*Source data*
*** Begin section ***

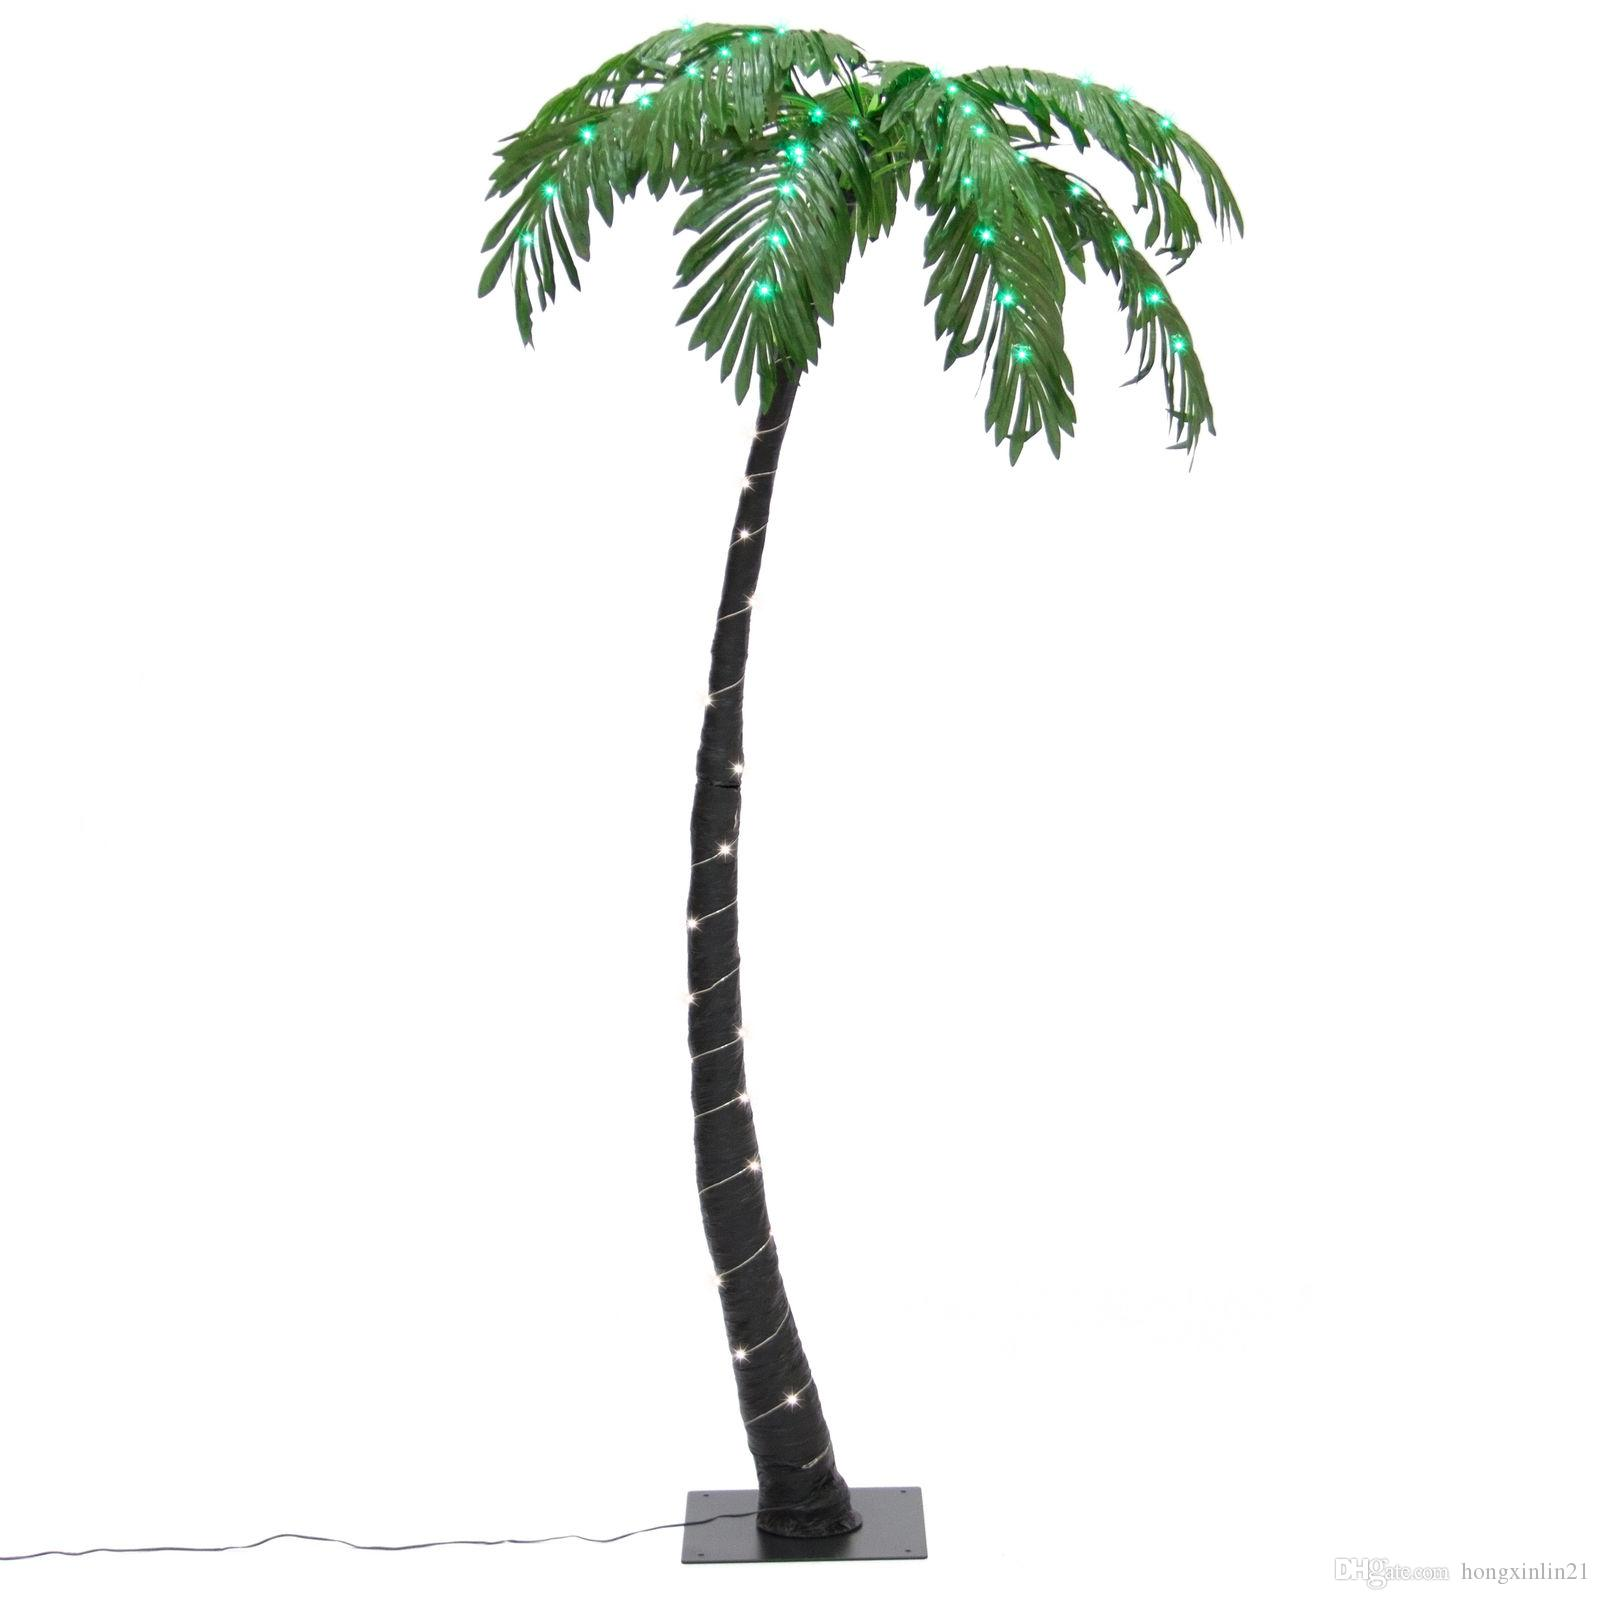 image royalty decor free vector hd shutterstock stock decorative tree
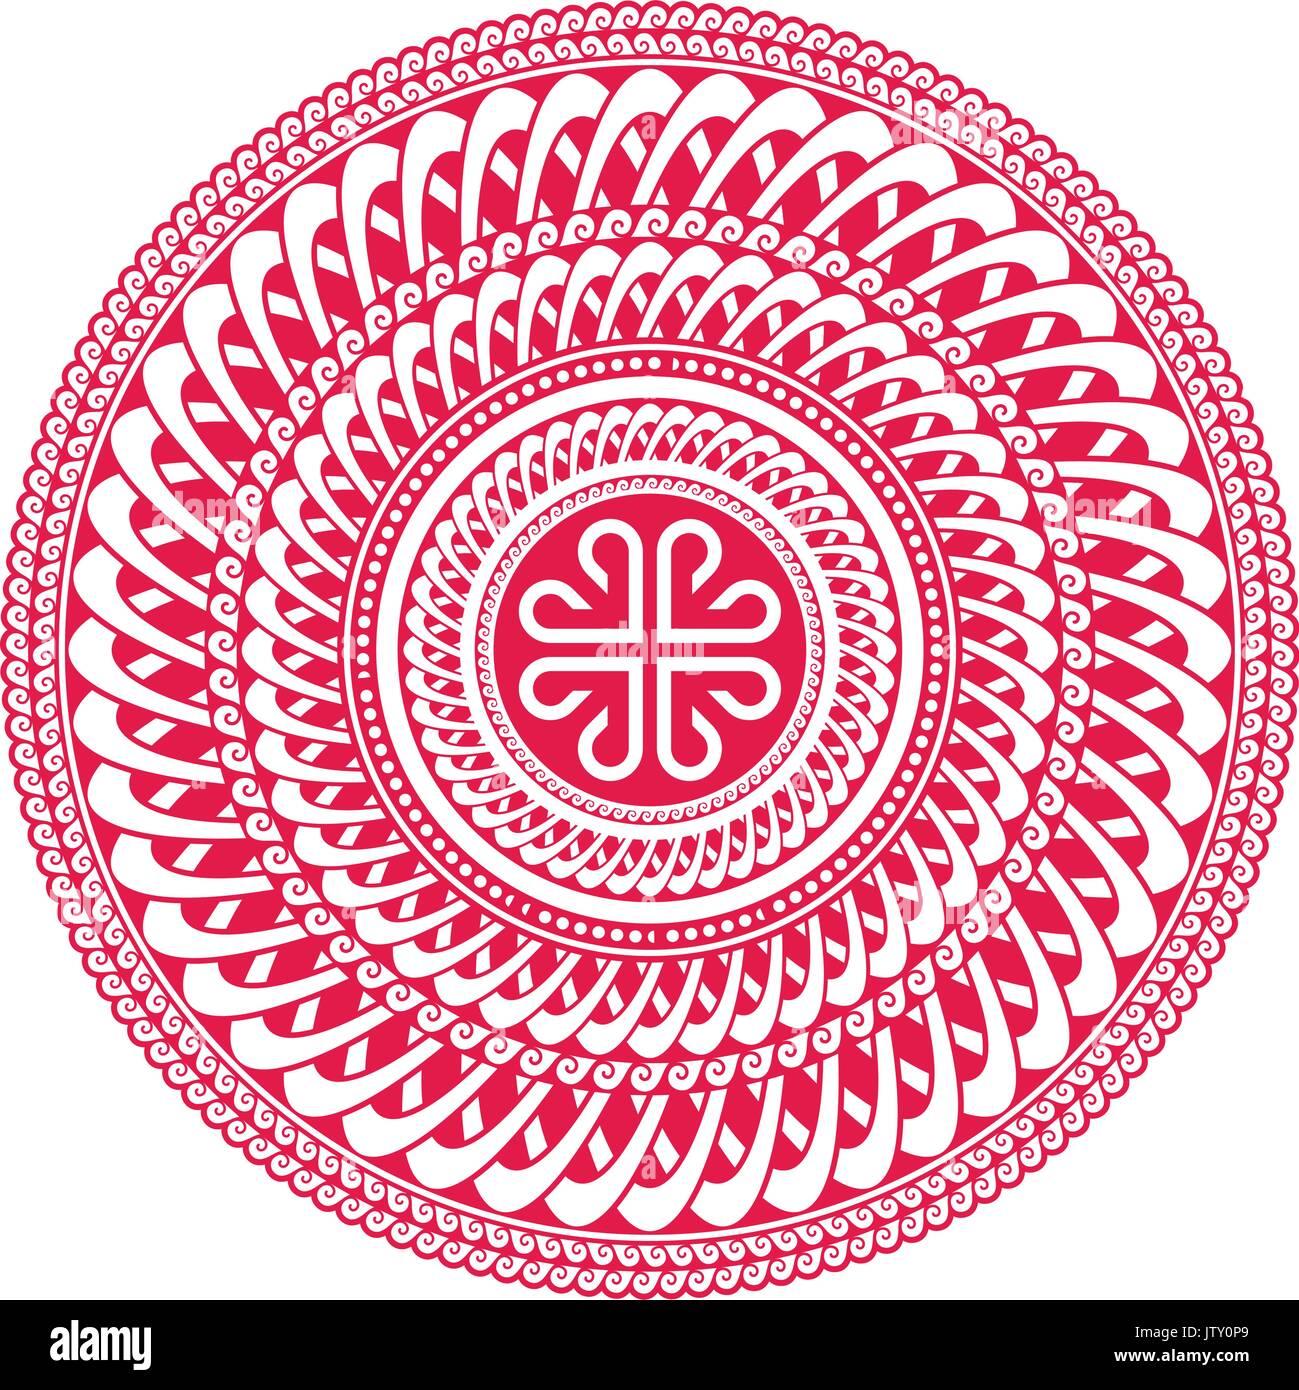 Mandala. Mongolian National ornament element for designers. - Stock Vector
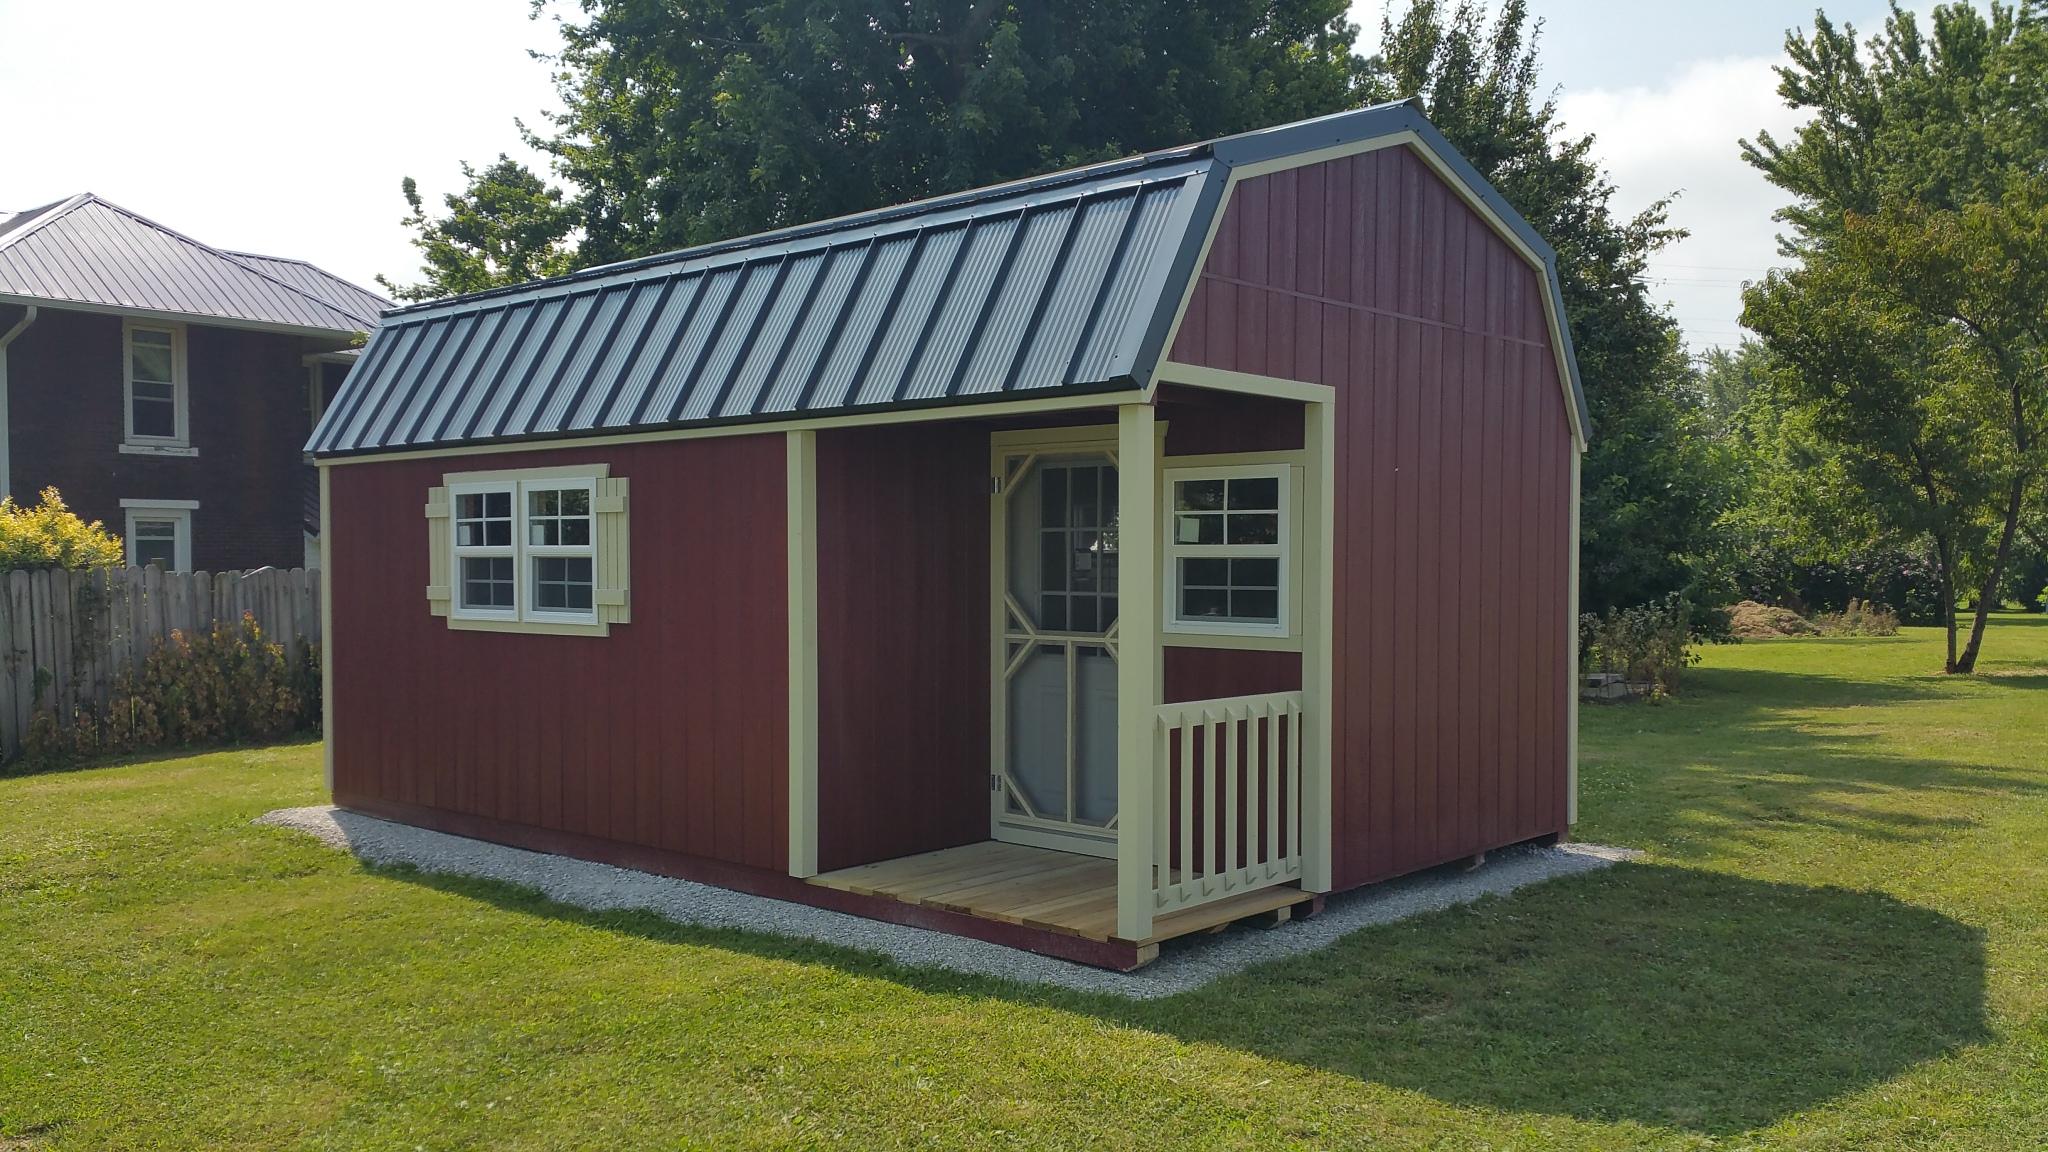 12x20 Gambrel Barn With Side Porch
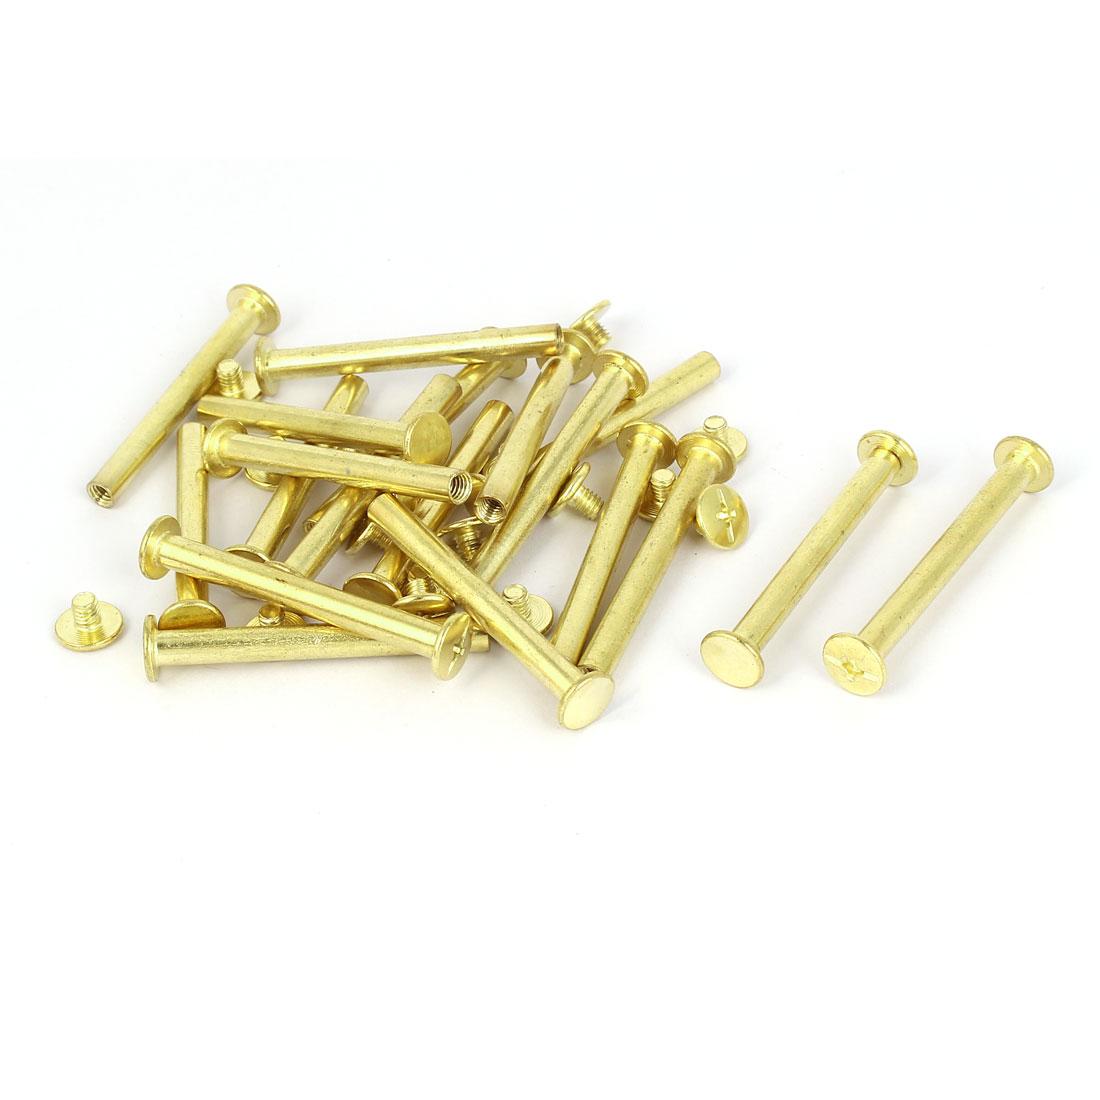 5mmx45mm Brass Plated Chicago Screws Binding Posts Docking Rivet 20pcs

*** End section ***

*What you will do*
Word for word, retype the lines from the one with "Mandala. Mongolian National" through the final line of the data, both included. No pictures belong in the copy.

*Completed task*
 Mandala. Mongolian National ornament element for designers. - Stock Vector
 12x20 Gambrel Barn With Side Porch
 5mmx45mm Brass Plated Chicago Screws Binding Posts Docking Rivet 20pcs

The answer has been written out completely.